Question

Extract sequences consecutively from a large fasta files and save in new fasta files

2

Entering edit mode

5.1 years ago

Kumar ▴ 120

I would like to extract sequences consecutively from a large fasta files and save in new fasta files. For example, I have two fasta files namely species1.fasta and species2.fasta as given below,

species1.fasta
>tag1 
TGCAAGAG
>amylase 
ATCGAGAT

species2.fasta
>prot8
ATGTTTGCGA
>lip1
TGATATAGAT

and I need to extract first positioned sequences from both species1.fasta and species2.fasta and save in new file namely group1.fasta.
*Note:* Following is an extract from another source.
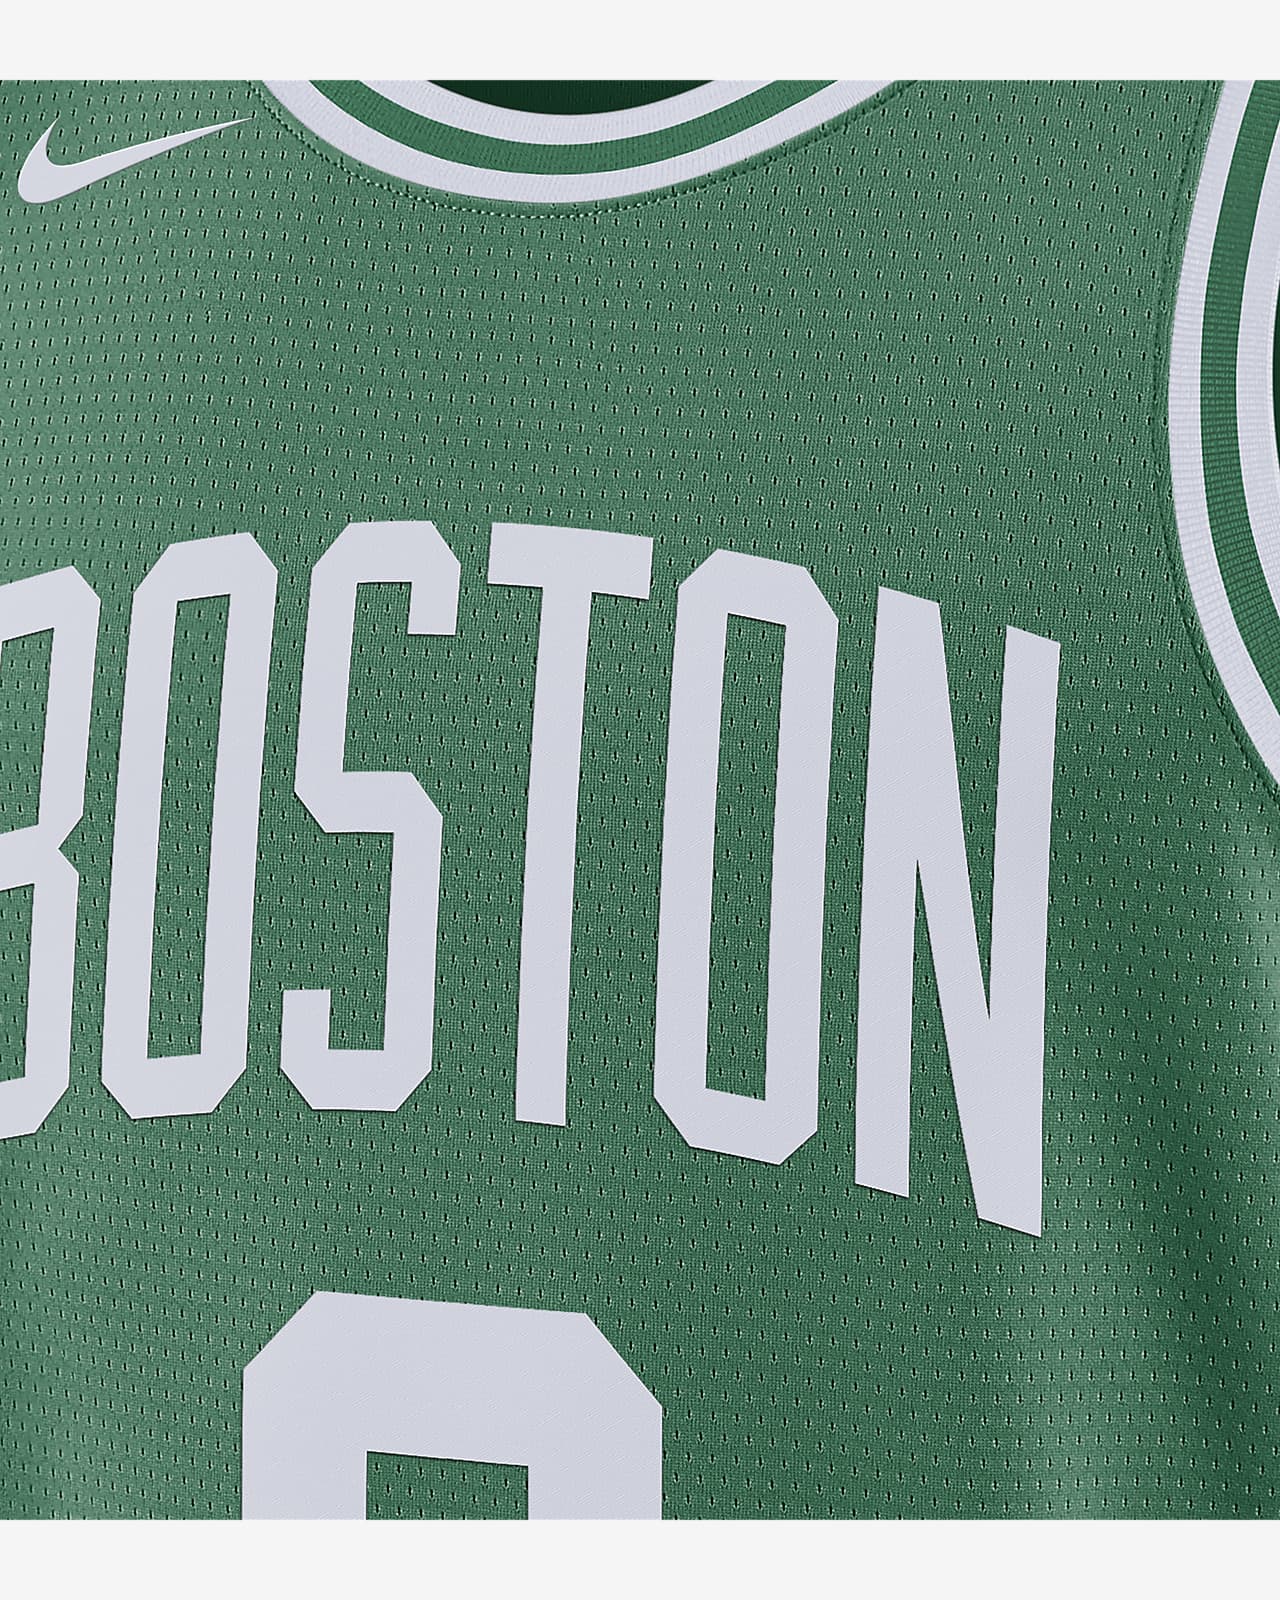 Boston Celtics UK☘️ (The Boston Brit) on X: The Boston Brit @celtics  @nikebasketball & @Jumpman23 concept jerseys 20-21 ☘️ — Which ones you  wearing? 💪🏻☘️ — #TheBostonBrit #AlwaysElevate #

Same manner, the second positioned sequences to be extracted and saved in group2.fasta, and the expected output should be like this,

group1.fasta
>tag1 
TGCAAGAG
>prot8
ATGTTTGCGA

group2.fasta
>amylase 
ATCGAGAT
>lip1
TGATATAGAT

Like this I have to do for 3000 sequences, manual process is impossible, therefore, I have tried the following script, wherein I could not loop the process. Therefore, please help me in this regard.

my script
for file in *.fasta do cat "$file" \   | awk '/^>/ {printf("%s%s\t",(N>0?"\n":""),$0);N++;next;} \  {printf("%s",$0);} \
 END {printf("\n");}' \   | awk '{if ( NR==1 ) print $0;}' \   | awk '{print $1"\n"$2}' | uniq > "new_${file}"

Thank you.

python perl shell r fasta • 2.3k views

ADD COMMENT • link updated 5.1 years ago by Chirag Parsania ★ 2.0k • written 5.1 years ago by Kumar ▴ 120

4

Entering edit mode

make a directory "output" in the same directory where all fasta files are located.
run following command:

$ parallel seqkit range -r {}:{} *.fasta -o output/group_{}.fasta ::: $(seq 1 $(grep -c ">" species1.fasta))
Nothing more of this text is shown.